The time was 1821, the Governor was DeWitt Clinton, and the issue was whether or not New York State should revise its Constitution. The then-current Constitution of 1777 was, as historian Gordon Wood tells us, “a constitution in tension” between old world aristocratic principles new world democratic principles. The farmers of that Constitution created various constitutional mechanisms in order to resolve the tension.

Wood called these mechanisms “ingenious,” and in a way they may have been, but to the contemporary eye they simply look odd. The Council of Appointment, for example, was a body of Senators, appointed by the Assembly, which handled appointments to high-level administrative positions. Currently, these appointments are simply made by the Governor, subject to Senate review and confirmation. There was also the Council of Revision, which consisted of the Governor, the Justices of what was then called the State Supreme Court and is now called the State Court of Appeals, and the Chancellor of the Chancery Court (a judicial position that no longer exists). The Council of Revision had the veto power now possessed by the Governor. The Governor was the only popularly-elected member of the Council of Revision.

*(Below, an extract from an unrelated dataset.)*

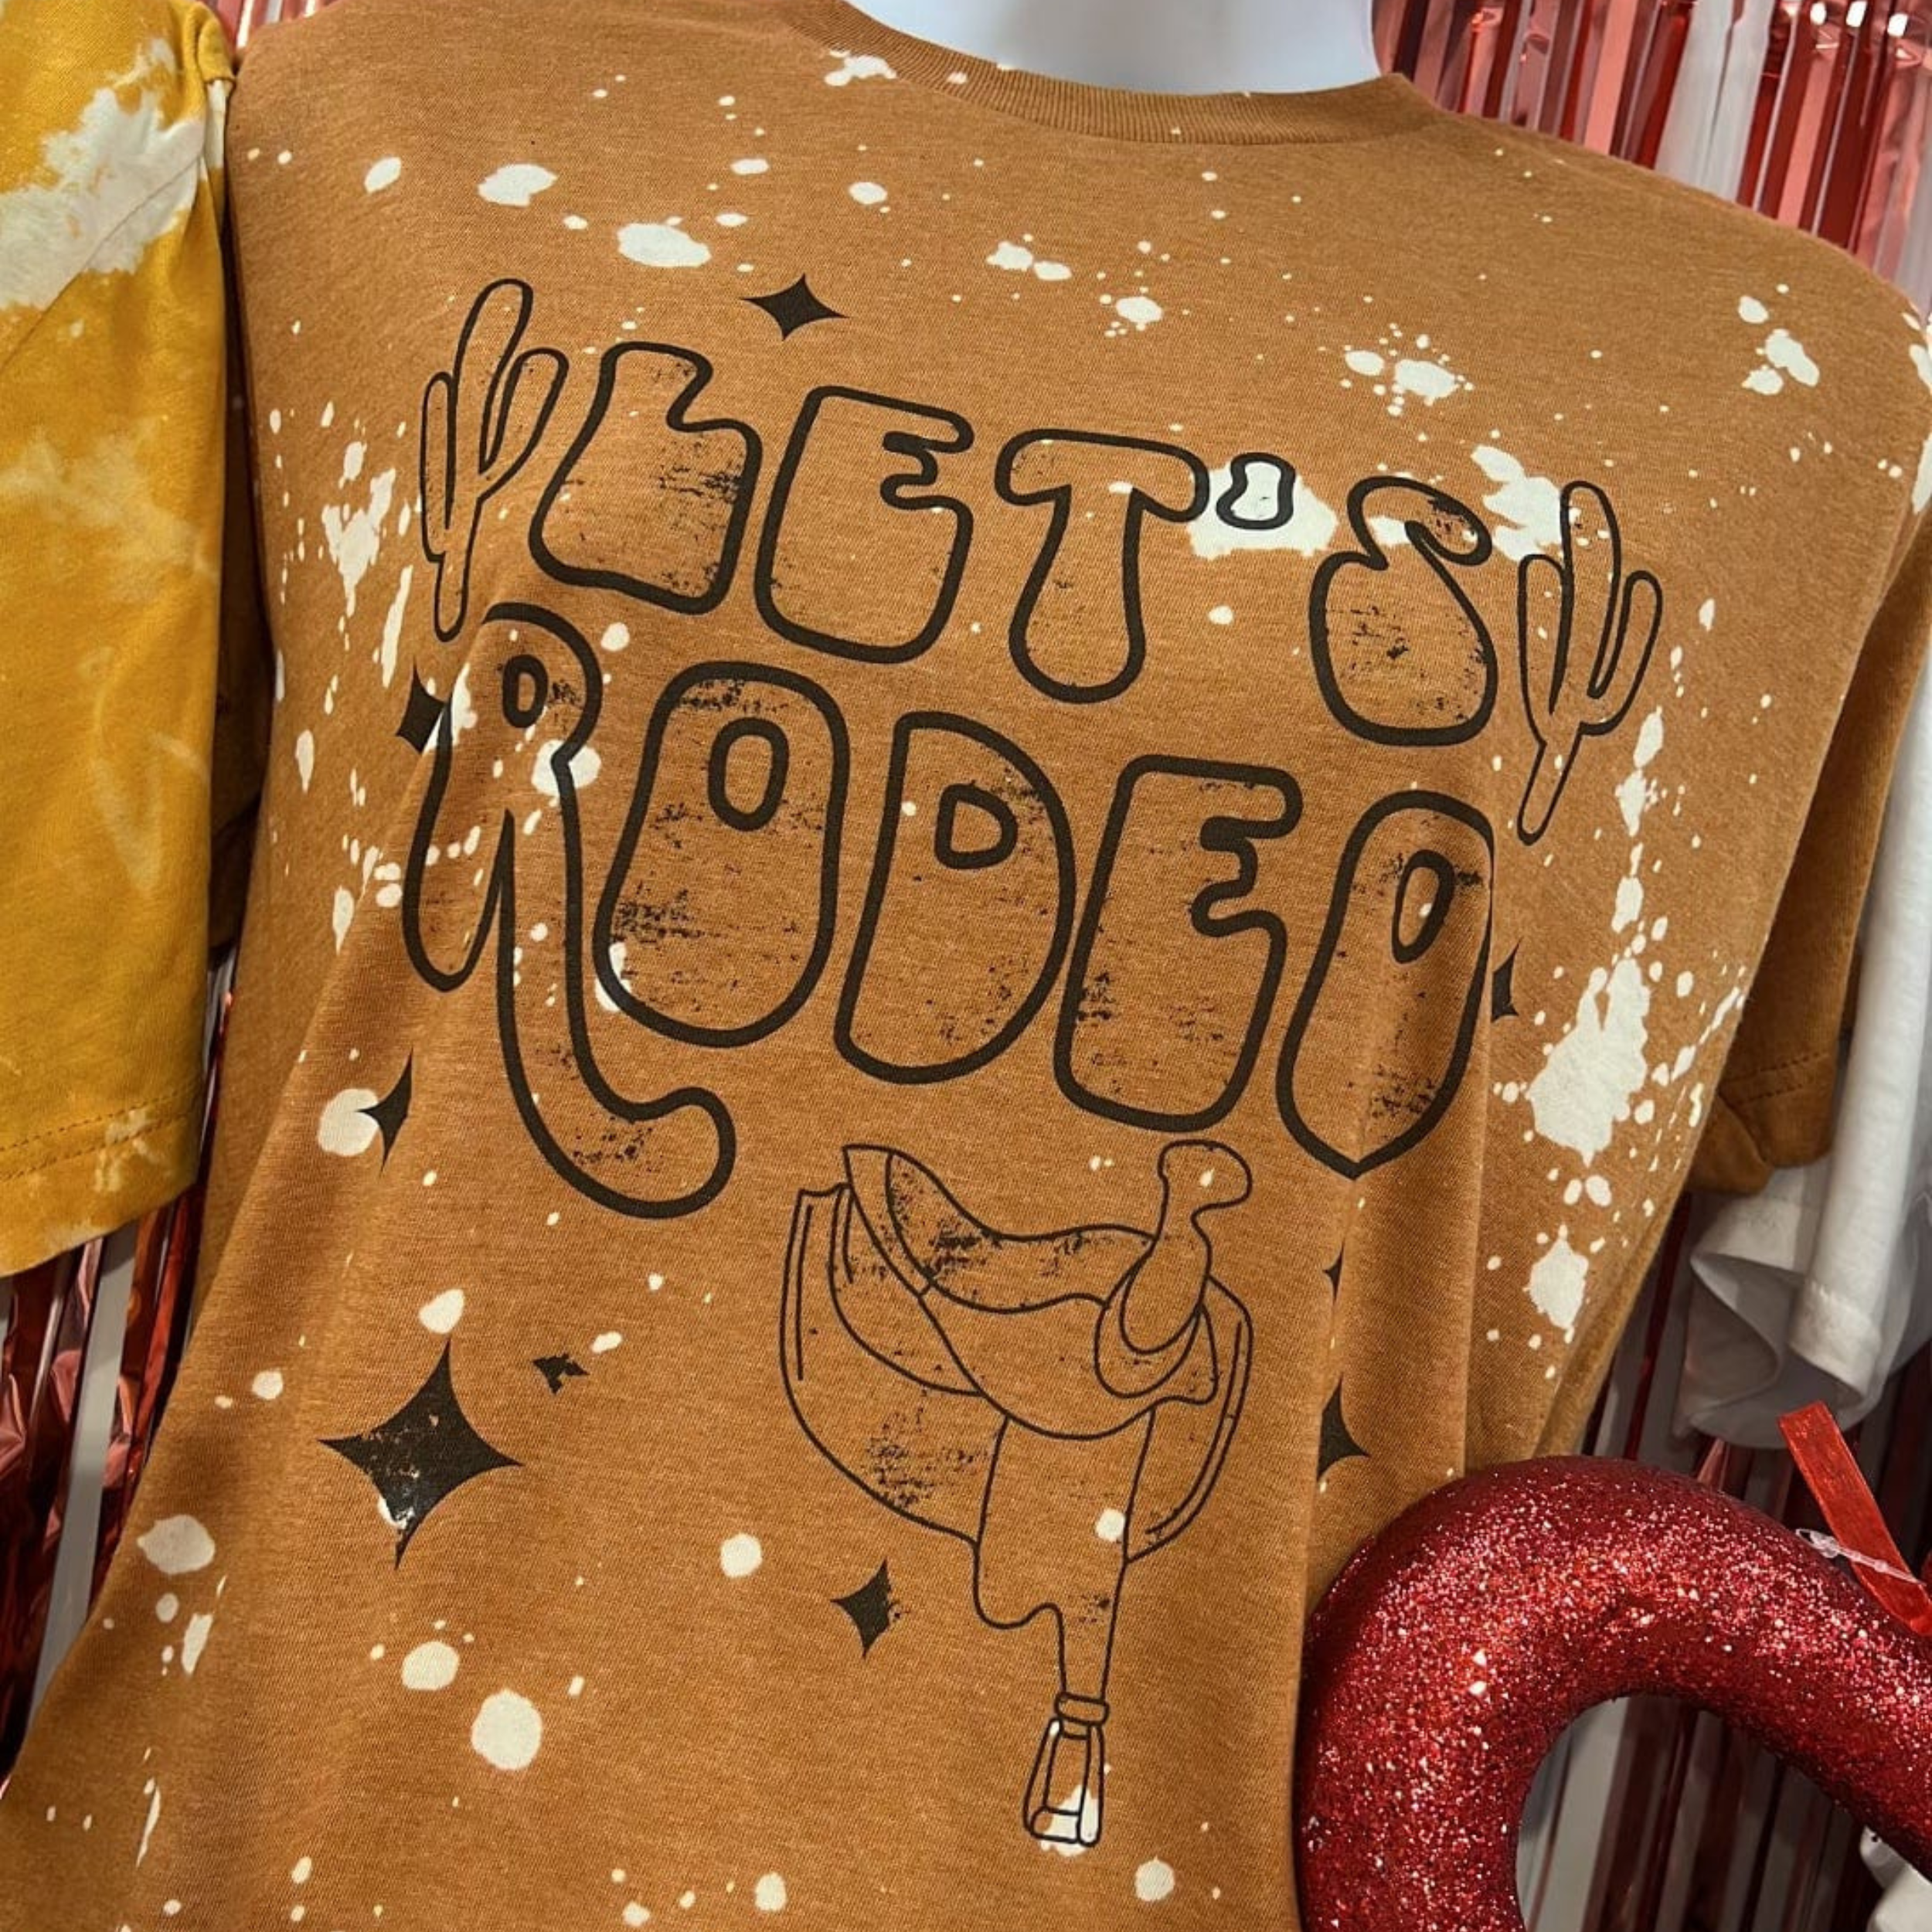 A brown short sleeve tee with a bleach splatter pattern. "Let's Rodeo" is featured in the center in outlined bubble letters. There is cacti on either side of the text, a saddle off to the right under the text, and sparkles throughout the text. Item is pictured on a multicolor background with white, yellow, and red
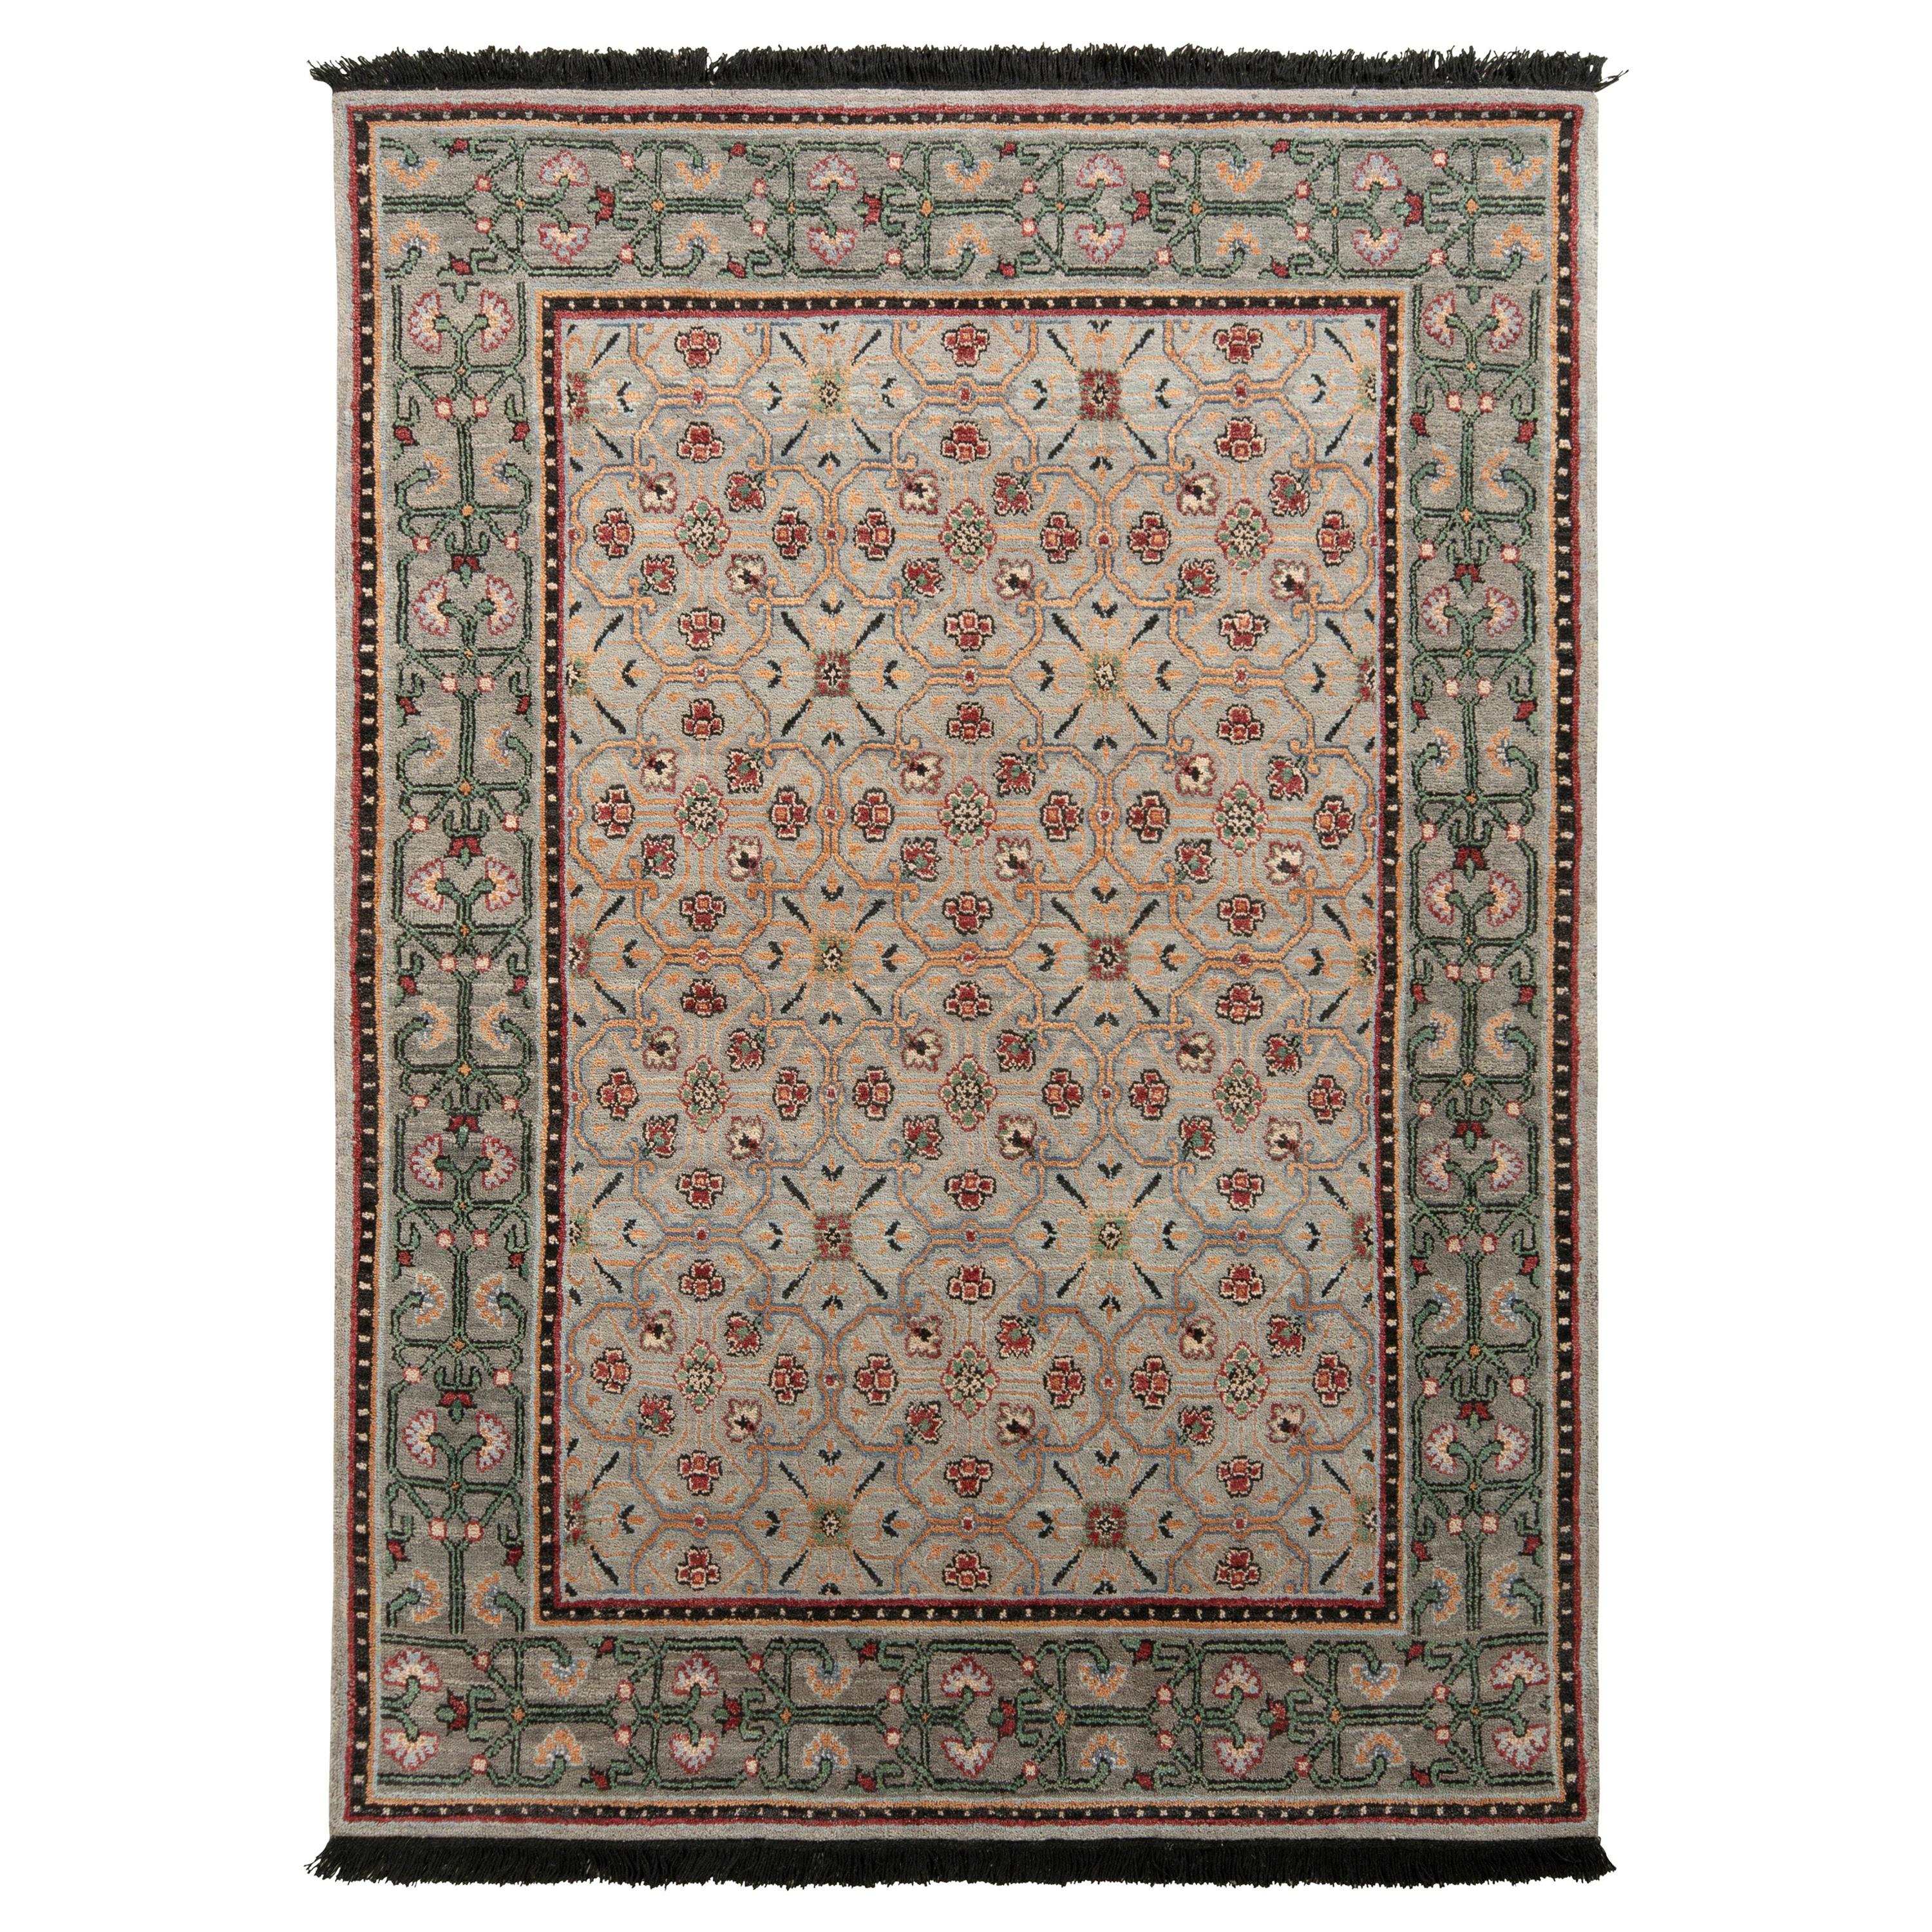 Rug & Kilim’s Transitional Style Rug in Green and Blue All over Floral Pattern

Not only were the various judges on the Council not elected, but the judiciary of the Constitution of 1777 was a direct holdover from the colonial days.

The Constitution of 1777, written by folks who were alternately hunting and being hunted by the British Army, and yet also wished to maintain the colonial aristocracy where possible, had worked as well as could be expected for a number of years. But by 1821, historians agree, a consensus had developed among both ordinary folks and the State's political class that it was time for the Constitution to be amended to better fit the democratic era.

Then-Governor DeWitt Clinton was a former Tammany Hall operative who had since turned on the Hall and tried to stake out an independent position. Governor Clinton and Tammany Hall agreed that the Constitution of 1777 needed extensive revisions, or needed to be rewritten entirely, but the Governor didn't want to hand the Hall a victory if he could possibly help it. The Governor thus found himself in a bind when a bill, supported by the Hall but responding to statements he himself had made, calling for the holding of a Constitutional Convention passed the State Legislature in November of 1820. Governor Clinton used his vote on the Council of Revision to help veto the bill. The Council, speaking through Chancellor James Kent, argued that it was undemocratic for the Legislature to seek to hold a Convention without holding a popular referendum on the issue first.

Because, you see, the Constitution of 1777, though written in large part by the aristocracy it partially sought to preserve, somehow represented the will of the people. The irony here, the political language of democracy being used to stand in the way of drafting a more democratic State Constitution, is hopefully obvious. Historians also tell us that it was widely believed at the time that the people by and large supported holding a Convention.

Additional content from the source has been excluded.